Where does science end, and politics begin? For international-trade practitioners, the question always seems to be lurking in the background, especially when it comes to fights over seafood. Take the current widespread concerns over perceived health risks associated with Chinese seafood products like shrimp and catfish. When it comes to these two particular Chinese exports, politics never seems far away. This is because the politically influential American shrimp and catfish industries complain bitterly that they can’t compete on the proverbial “level playing field” with the Asian seafood items, which, they insist, are both unsafe to eat and “unfairly” priced too low. Because the issues are complex and involved unrelated areas of expertise, when questions are raised in the press as to whether Chinese imports are safe, it’s often difficult for the public to know if there are perhaps other agendas in play that go beyond food safety — agendas involving financial interests in keeping Chinese seafood out of U.S. markets. For that matter, how do reporters know?
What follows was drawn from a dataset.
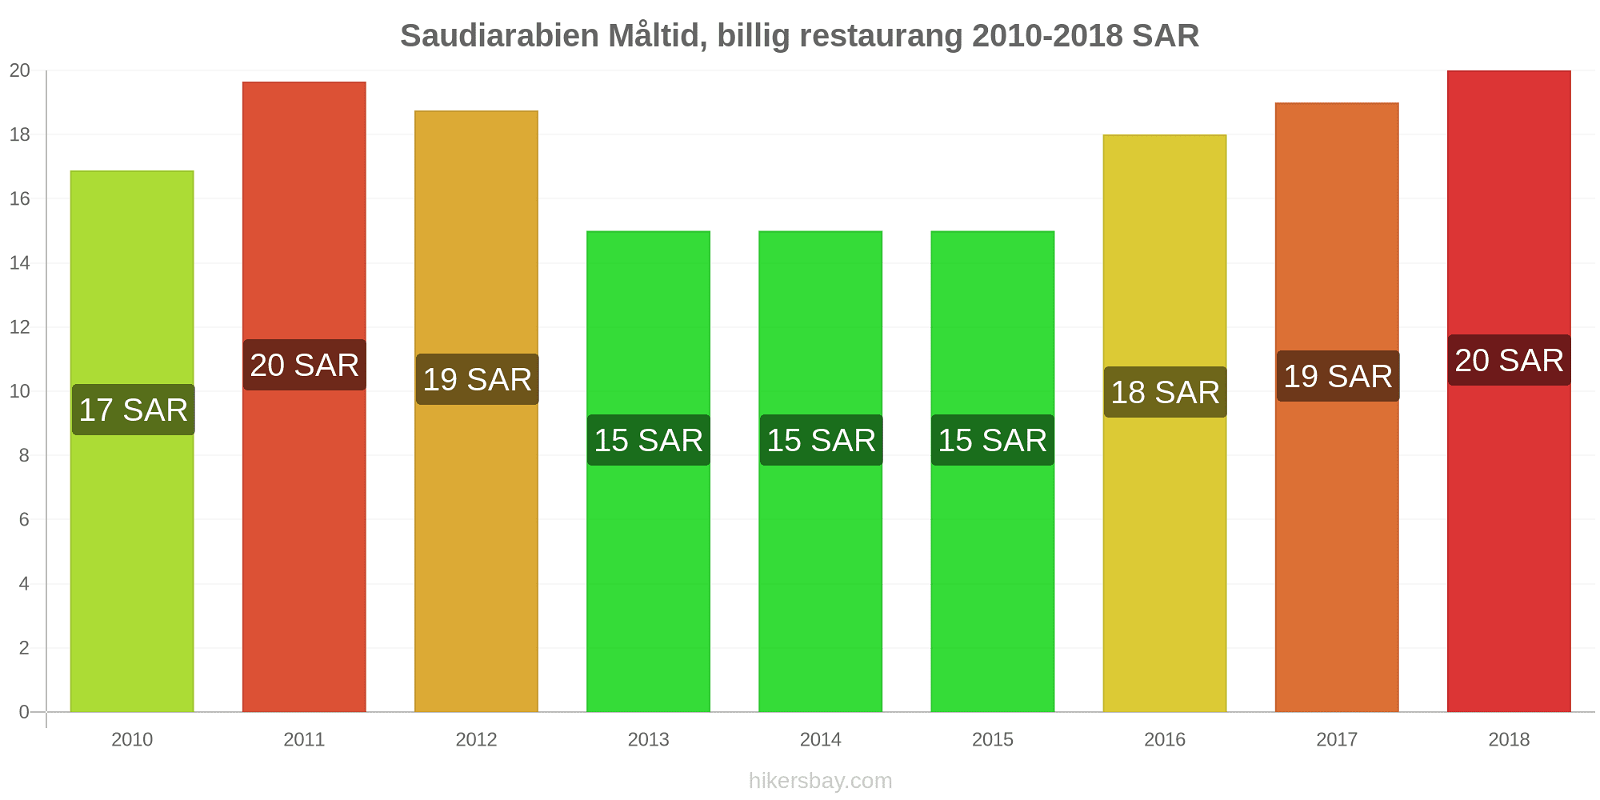 Saudiarabien prisändringar Måltid i en billig restaurang hikersbay.com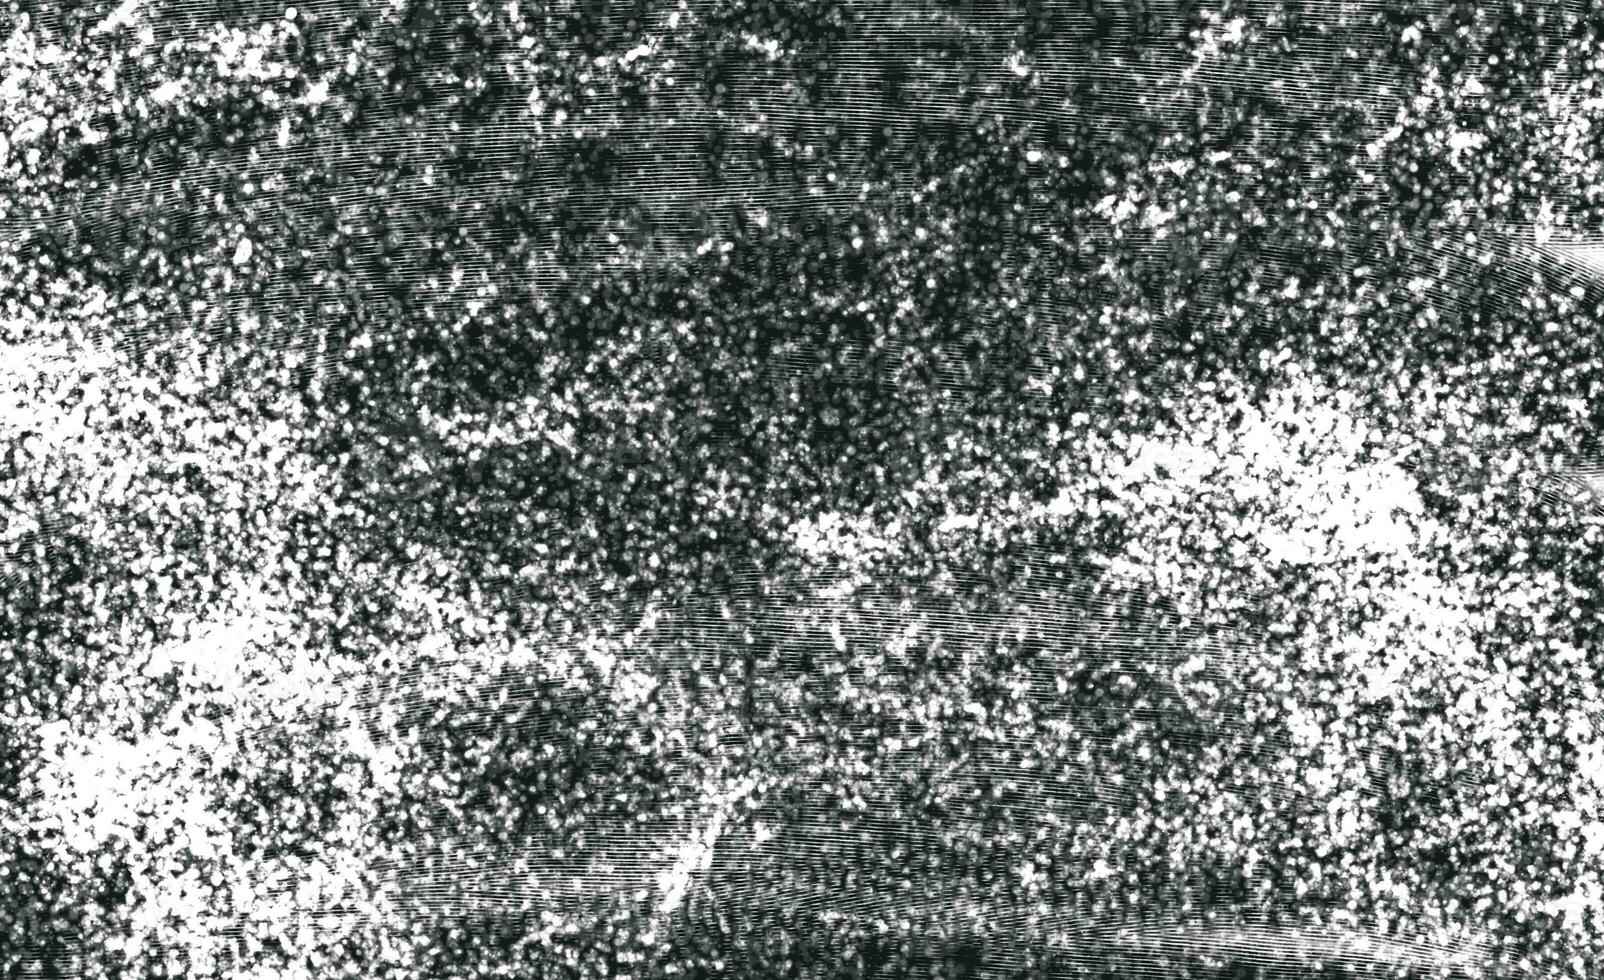 texture de détresse grunge noir et blanc. grain de détresse superposé à la poussière, placez simplement l'illustration sur n'importe quel objet pour créer un effet grungy. photo

Usually, they don’t, really. Reporters who cover food safety inhabit different worlds in newsrooms from their colleagues who are assigned to international trade beats, who in turn don’t pretend much in-depth knowledge of public health issues. Consequently, the dots that might show the connections between the two different journalistic turfs often aren’t connected. Consider a Dec.15 article that raised questions about the safety of Chinese shrimp that was written by Wall Street Journal reporter Jane Zhang, who diligently covers the food-safety beat. Ms. Zhang’s report was the usual Journal quality: solid, accurate, and fair, at least as far as it went. (Full disclosure: I am a contributor to the editorial page of the Wall Street Journal Asia and other Dow Jones publications.) But some digging beyond the headline offers a rare glimpse beyond narrow health issues, into a world where science meets the politics.
In the present case, the story begins with a high-powered Washington lawyer who, wearing his hat as a former high-ranking official of the U.S. Food and Drug Administration, has raised serious questions about possible safety risks associated with Chinese shrimp and other food and drug products in the Journal and other news organizations. But while readers would not know it — except, perhaps, a very small handful who follow trade politics closely — the same lawyer’s firm has been raking in money that most Americans would consider serious, by lobbying to curtail the imports of Chinese shrimp into the U.S. A coincidence? Perhaps. But further digging suggests still other coincidences.
The lawyer is Benjamin England, a former senior FDA health-inspection expert who is special counsel to Jones Walker Waechter Poitevent Carrere & Denegre. Jones Walker is Louisiana’s largest law firm, and is also a lobby powerhouse with an office in Washington, D.C. The firm is well-known for its affiliation with Robert Livingston, a former Republican chairman of the powerful House appropriations committee — and now, a prominent lobbyist for the Southern Shrimp Alliance, an eight-state coalition of domestic shrimp producers that is at war with China and other Asian and Latin American shrimp-exporting countries. The SSA’s fight with the foreigners is being waged on both fronts: anti-dumping, and health warnings. Mr. England says that he does not have any involvement with the shrimp trade litigation, and there is no reason not to take his statement at face value. Still, the coincidences are worth examining as they illustrate how, in Washington, D.C., the worlds of science and politics seem never too far apart.